Top of MATERIAL SUPPLIED

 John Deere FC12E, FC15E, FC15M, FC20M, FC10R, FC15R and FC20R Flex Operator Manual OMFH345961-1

Bottom of MATERIAL SUPPLIED
Top of MATERIAL SUPPLIED

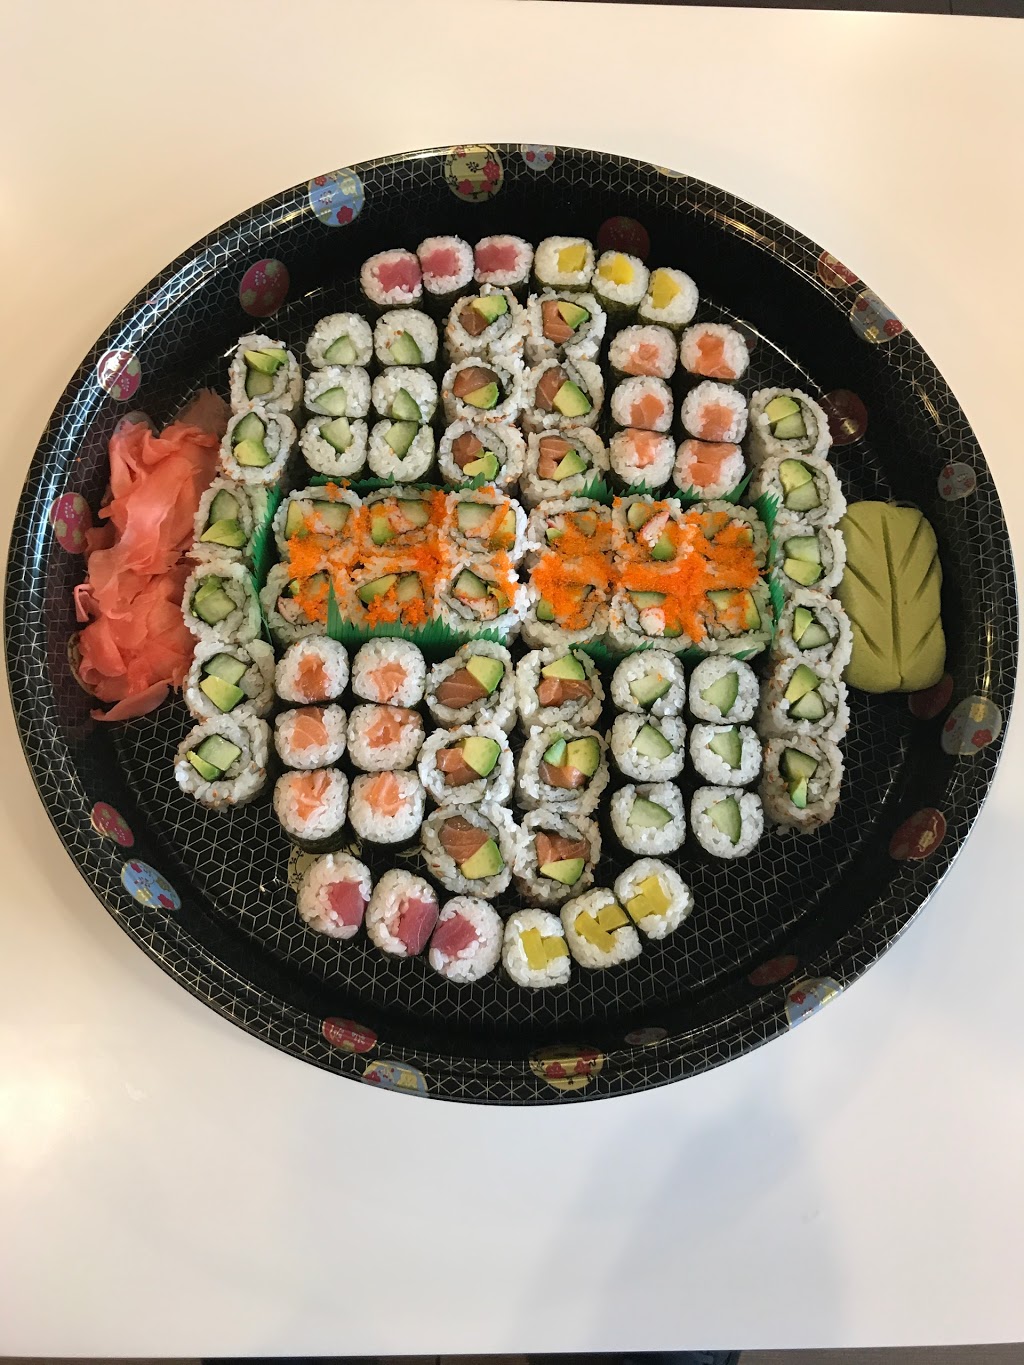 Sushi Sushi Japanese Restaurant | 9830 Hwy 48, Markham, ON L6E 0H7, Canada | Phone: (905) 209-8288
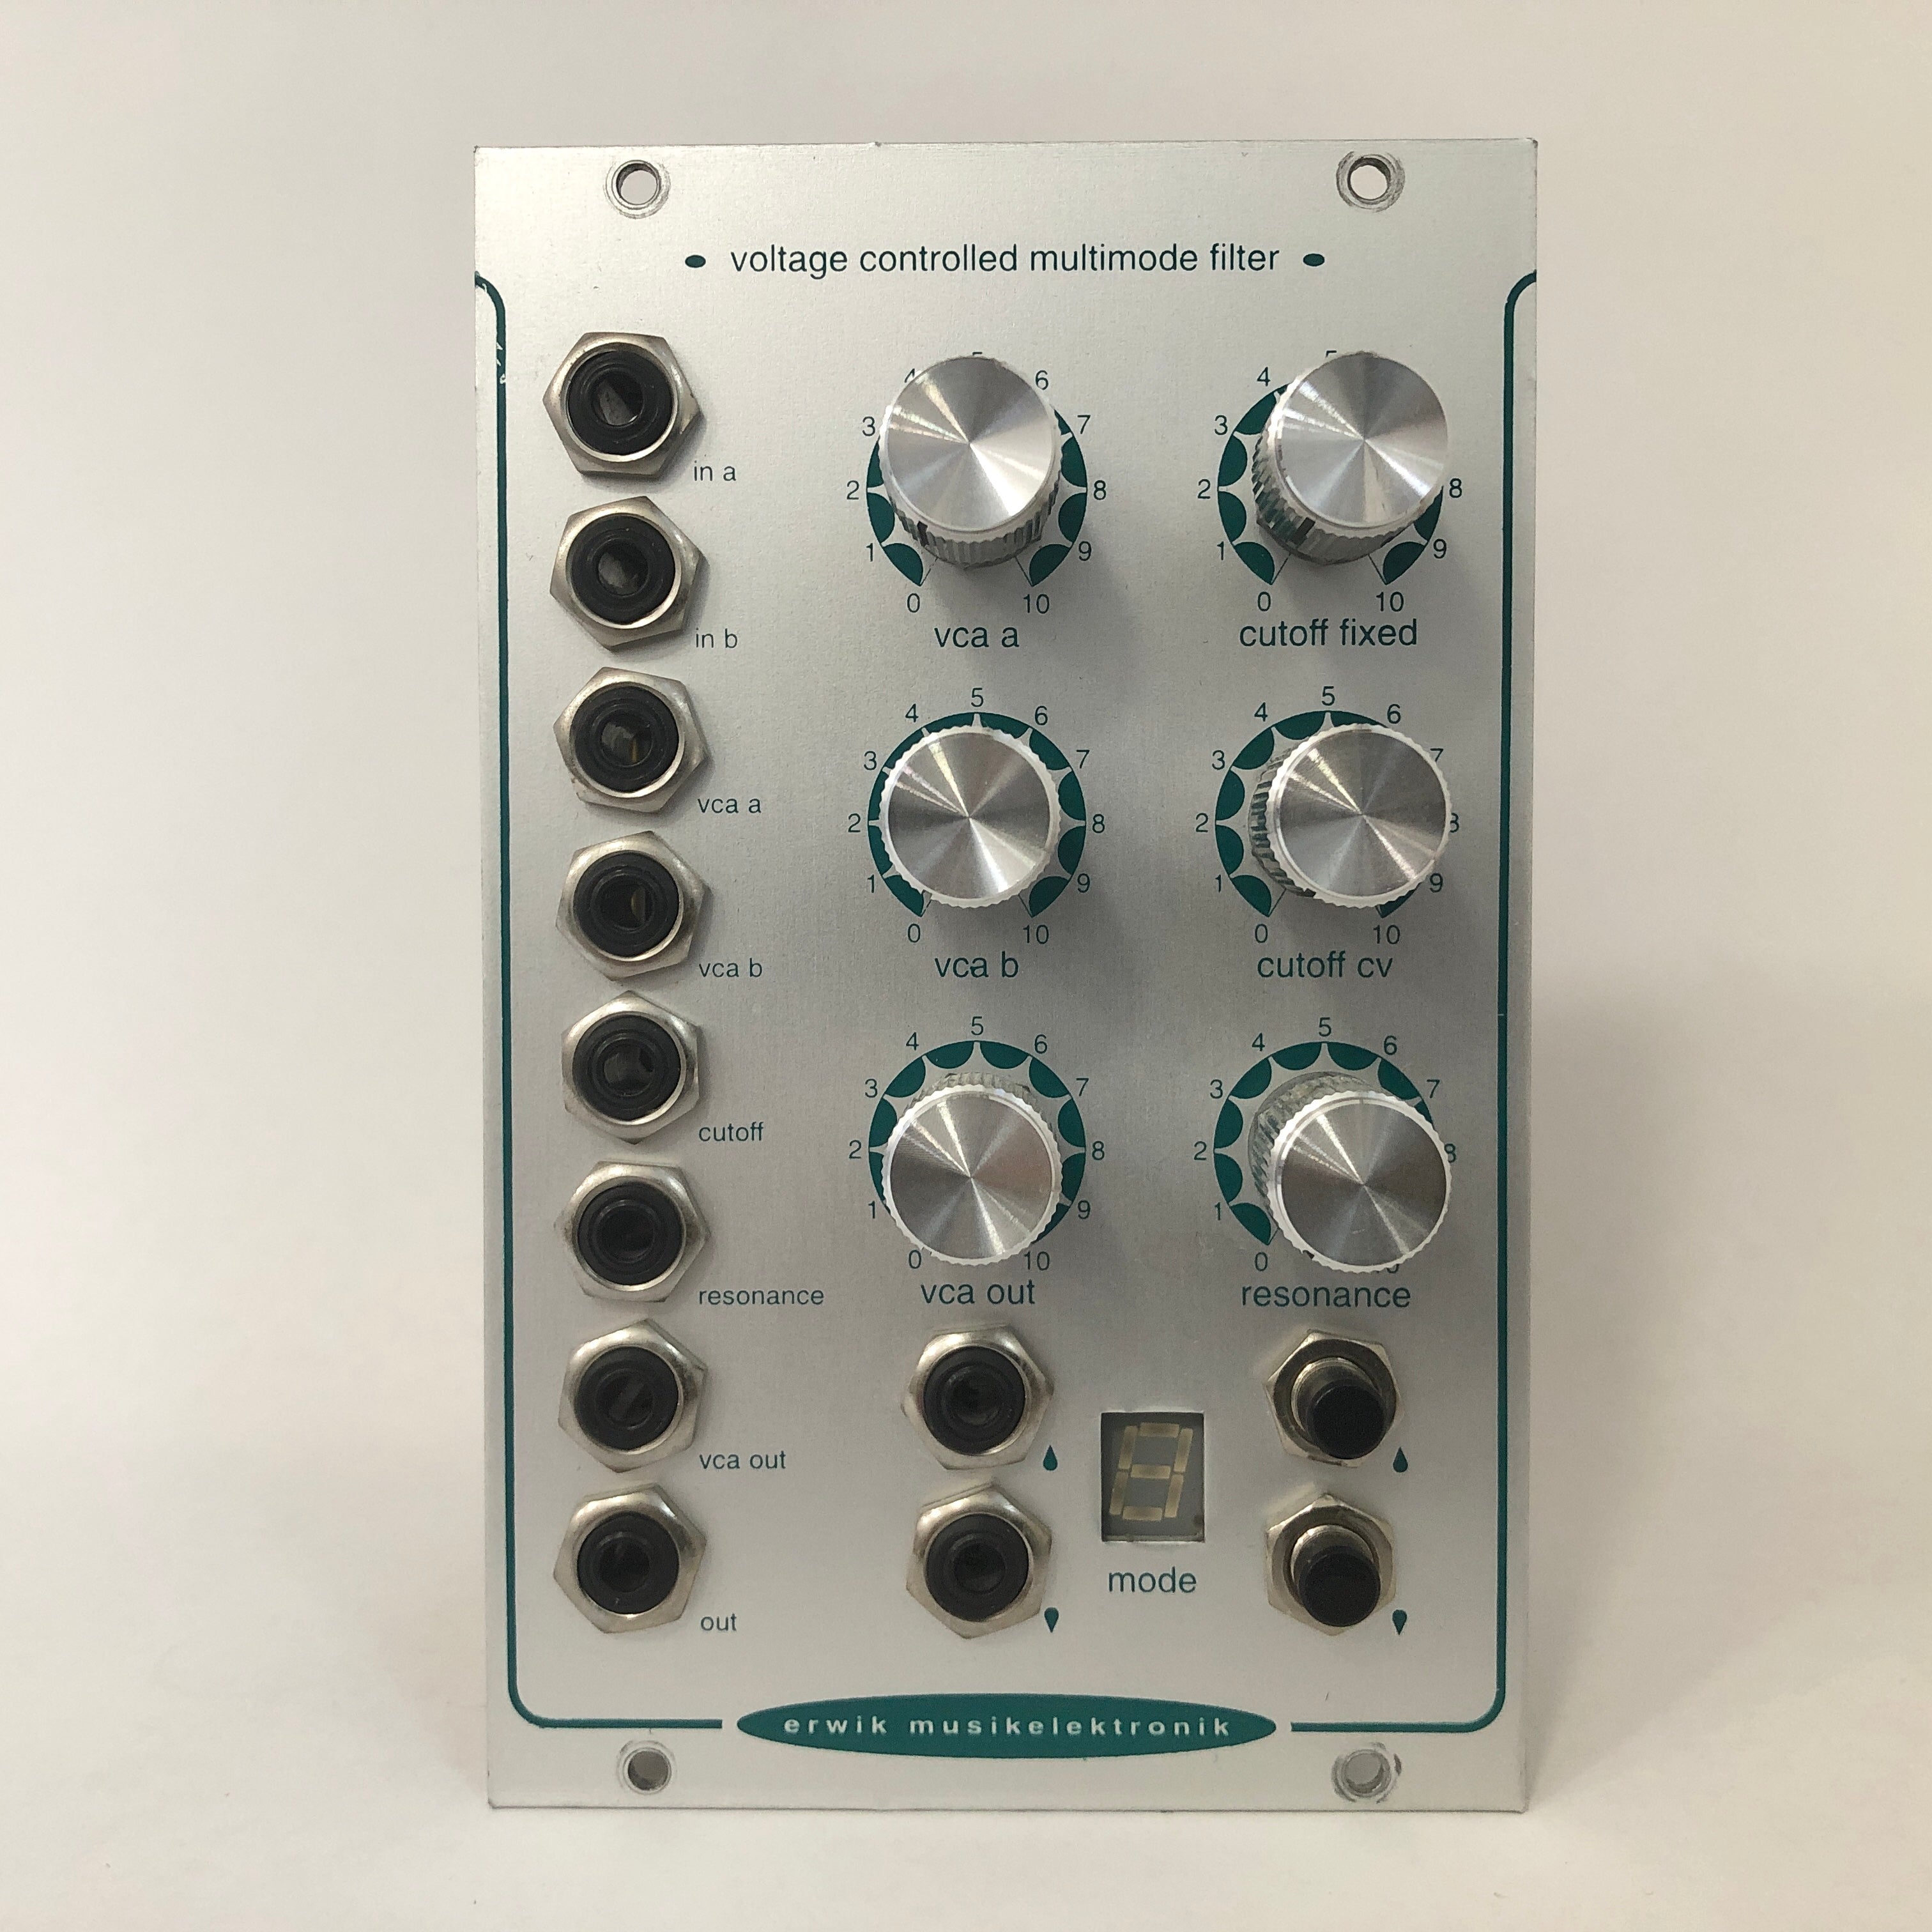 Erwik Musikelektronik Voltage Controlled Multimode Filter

Bottom of MATERIAL SUPPLIED

**WHAT TO PRODUCE**
From the records above, extract the lines from the one holding "Sushi Sushi Japanese" through the one holding "Erwik Musikelektronik Voltage", word for word; omit the pictures.

**ANSWER FOR THIS EXERCISE**
 Sushi Sushi Japanese Restaurant | 9830 Hwy 48, Markham, ON L6E 0H7, Canada | Phone: (905) 209-8288
 Erwik Musikelektronik Voltage Controlled Multimode Filter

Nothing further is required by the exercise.